In the years since that catalogue was published, the electric motor that was such a big deal in 1918 has become ubiquitous. Electric motors are everywhere nowadays - in watches, cameras, hi fi systems, washing machines, microwave ovens, fridges, power tools, garage doors and heating systems.
In fact, they are so common that we no longer notice them: they have effectively become invisible. And they have also become incredibly specialised - nobody sells general-purpose motors any more.
And that, says Norman, provides a good analogy for what will happen to computers. They will become miniaturised, ubiquitous and invisible, metamorphosing into specialised 'information appliances'. Thus if I want to send an email in the future, I will no longer have to boot up a PC and load a mail program. Instead, I'll just open my email device and start typing (or dictating, or whatever).
For most people the decline of the fiendishly complex PC is something devoutly to be wished for. They look forward to an age of simple devices that you just switch on and use. But a downside to these information appliances is only now beginning to surface - namely that they will be intrinsically more controllable by the industries that make them and provide content to run on them.

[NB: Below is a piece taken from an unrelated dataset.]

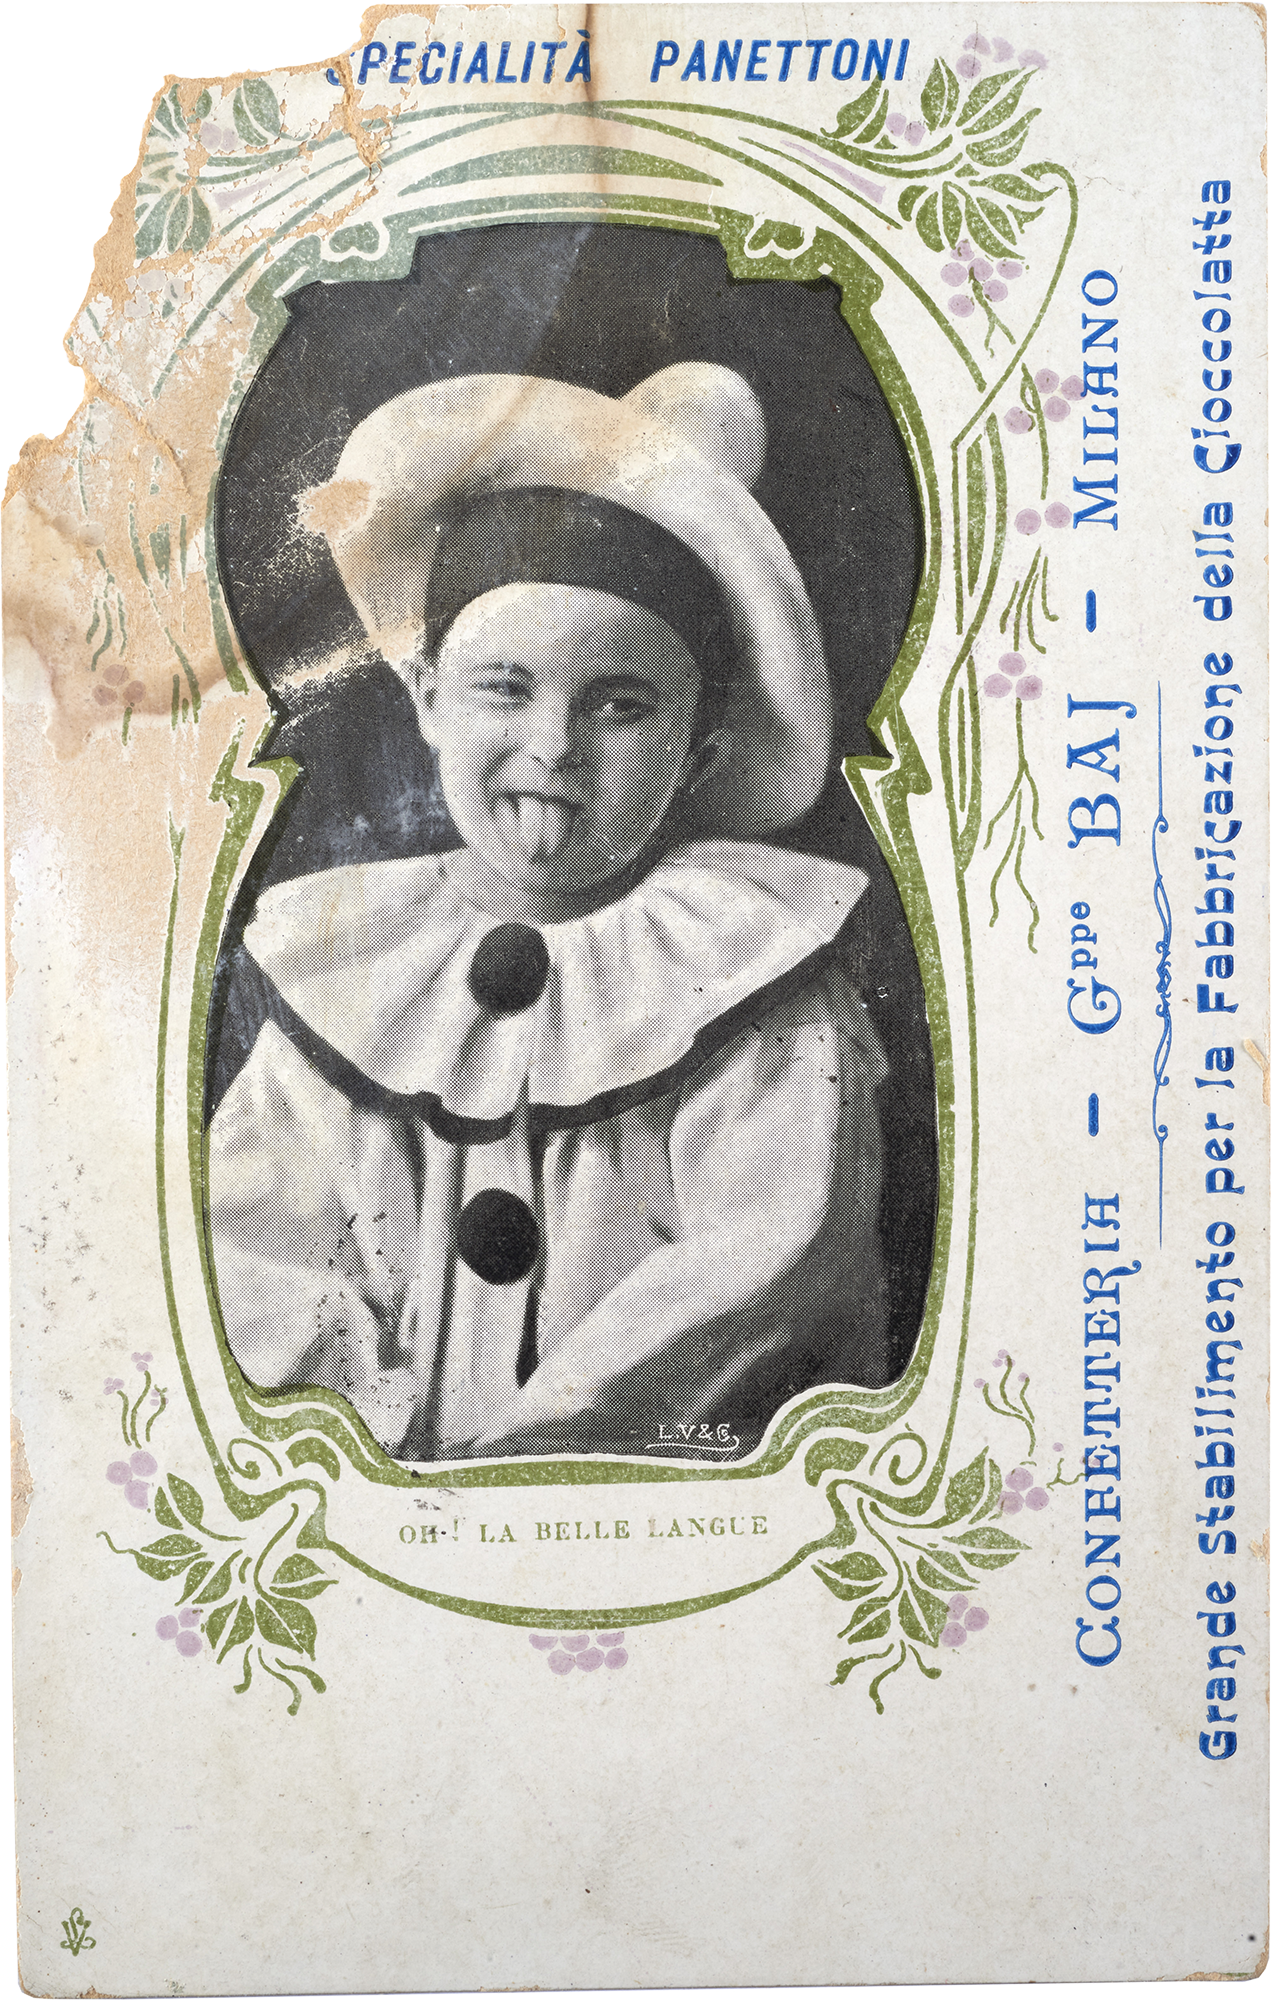 Cartolina della Confetteria Baj raffigurante un bambino - Specialità panettoni e cioccolata

For example, heavy-duty copy protection can be hardwired into such devices. This will prescribe exactly what the owner is allowed to do with them in a way that is impossible with the complex old personal computer.
In other words, we may wind up exchanging the complexities of freedom for the restrictions of specialisation. Norman may well be right about the fate of the generalist PC. But we may live to rue its demise.